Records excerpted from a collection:
══════════

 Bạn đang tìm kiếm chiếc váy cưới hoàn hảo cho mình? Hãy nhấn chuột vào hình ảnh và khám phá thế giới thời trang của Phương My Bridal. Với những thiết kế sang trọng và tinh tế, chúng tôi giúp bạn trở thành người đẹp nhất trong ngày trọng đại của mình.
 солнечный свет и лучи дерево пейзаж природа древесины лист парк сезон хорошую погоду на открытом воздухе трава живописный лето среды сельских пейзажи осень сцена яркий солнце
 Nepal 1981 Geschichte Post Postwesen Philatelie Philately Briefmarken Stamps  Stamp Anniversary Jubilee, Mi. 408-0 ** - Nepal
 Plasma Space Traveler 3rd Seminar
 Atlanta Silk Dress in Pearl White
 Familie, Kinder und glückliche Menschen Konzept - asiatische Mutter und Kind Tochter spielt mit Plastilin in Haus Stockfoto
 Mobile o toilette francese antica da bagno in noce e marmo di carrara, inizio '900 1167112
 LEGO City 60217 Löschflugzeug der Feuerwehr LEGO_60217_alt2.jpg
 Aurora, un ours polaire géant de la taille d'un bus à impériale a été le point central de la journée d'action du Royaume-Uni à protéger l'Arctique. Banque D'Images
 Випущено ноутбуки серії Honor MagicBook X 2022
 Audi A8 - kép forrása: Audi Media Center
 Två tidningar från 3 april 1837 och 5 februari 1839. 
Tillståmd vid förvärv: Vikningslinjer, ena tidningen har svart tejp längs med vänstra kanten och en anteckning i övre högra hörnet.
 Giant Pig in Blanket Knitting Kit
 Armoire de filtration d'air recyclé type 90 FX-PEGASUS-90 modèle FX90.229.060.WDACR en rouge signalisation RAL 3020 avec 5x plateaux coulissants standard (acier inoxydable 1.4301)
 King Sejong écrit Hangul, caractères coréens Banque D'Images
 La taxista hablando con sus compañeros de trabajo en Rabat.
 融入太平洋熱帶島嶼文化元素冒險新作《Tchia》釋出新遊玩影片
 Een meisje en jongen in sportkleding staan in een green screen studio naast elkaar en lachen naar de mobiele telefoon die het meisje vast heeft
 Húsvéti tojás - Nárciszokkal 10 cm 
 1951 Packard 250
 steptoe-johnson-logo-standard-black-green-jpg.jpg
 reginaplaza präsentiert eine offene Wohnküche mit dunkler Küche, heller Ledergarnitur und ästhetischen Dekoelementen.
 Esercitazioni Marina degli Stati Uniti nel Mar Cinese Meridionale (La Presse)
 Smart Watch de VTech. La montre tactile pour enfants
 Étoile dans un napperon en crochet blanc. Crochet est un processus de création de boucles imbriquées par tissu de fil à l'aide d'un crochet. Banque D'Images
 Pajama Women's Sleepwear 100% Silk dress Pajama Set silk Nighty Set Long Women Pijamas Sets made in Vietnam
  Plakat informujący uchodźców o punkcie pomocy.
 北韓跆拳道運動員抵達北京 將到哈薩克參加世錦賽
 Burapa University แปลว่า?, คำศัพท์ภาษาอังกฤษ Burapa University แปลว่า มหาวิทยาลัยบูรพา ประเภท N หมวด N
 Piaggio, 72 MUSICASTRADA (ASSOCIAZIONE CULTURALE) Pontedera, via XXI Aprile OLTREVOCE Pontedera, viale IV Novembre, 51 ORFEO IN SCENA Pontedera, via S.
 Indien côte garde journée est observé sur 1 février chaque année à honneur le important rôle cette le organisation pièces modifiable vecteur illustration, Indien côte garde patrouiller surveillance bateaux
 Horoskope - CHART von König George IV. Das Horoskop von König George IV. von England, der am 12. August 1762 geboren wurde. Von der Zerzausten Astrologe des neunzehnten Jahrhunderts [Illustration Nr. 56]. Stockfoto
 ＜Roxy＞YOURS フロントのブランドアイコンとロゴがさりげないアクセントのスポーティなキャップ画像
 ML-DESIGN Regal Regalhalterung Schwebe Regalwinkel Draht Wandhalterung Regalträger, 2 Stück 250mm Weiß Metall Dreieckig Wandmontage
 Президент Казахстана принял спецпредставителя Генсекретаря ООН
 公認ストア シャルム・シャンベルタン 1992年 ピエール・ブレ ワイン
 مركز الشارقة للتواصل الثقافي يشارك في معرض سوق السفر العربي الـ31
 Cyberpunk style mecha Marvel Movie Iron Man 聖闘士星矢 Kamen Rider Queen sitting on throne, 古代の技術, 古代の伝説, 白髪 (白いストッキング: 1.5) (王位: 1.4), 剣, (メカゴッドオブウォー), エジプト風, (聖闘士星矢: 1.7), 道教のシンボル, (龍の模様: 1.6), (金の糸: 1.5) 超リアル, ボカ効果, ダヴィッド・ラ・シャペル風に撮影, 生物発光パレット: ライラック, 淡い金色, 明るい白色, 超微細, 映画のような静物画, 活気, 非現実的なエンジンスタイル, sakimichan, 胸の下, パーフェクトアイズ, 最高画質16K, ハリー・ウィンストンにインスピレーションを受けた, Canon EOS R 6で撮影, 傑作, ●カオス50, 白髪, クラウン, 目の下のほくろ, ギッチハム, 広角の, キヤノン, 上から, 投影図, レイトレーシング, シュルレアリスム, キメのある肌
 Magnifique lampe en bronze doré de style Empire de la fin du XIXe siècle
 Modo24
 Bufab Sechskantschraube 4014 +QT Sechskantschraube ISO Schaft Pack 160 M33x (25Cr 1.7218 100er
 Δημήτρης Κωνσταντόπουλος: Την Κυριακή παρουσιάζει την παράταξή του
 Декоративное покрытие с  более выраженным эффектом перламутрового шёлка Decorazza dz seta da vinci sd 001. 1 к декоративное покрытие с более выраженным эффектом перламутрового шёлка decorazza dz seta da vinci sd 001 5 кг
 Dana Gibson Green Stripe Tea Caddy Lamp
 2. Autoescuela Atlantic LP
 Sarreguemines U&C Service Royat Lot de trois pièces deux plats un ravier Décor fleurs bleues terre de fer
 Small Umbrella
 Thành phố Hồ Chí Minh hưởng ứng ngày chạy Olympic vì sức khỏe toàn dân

══════════

EXERCISE AIM → Line count for "ngày": report how many lines in the data above include it, with no other words.

RESULT → 2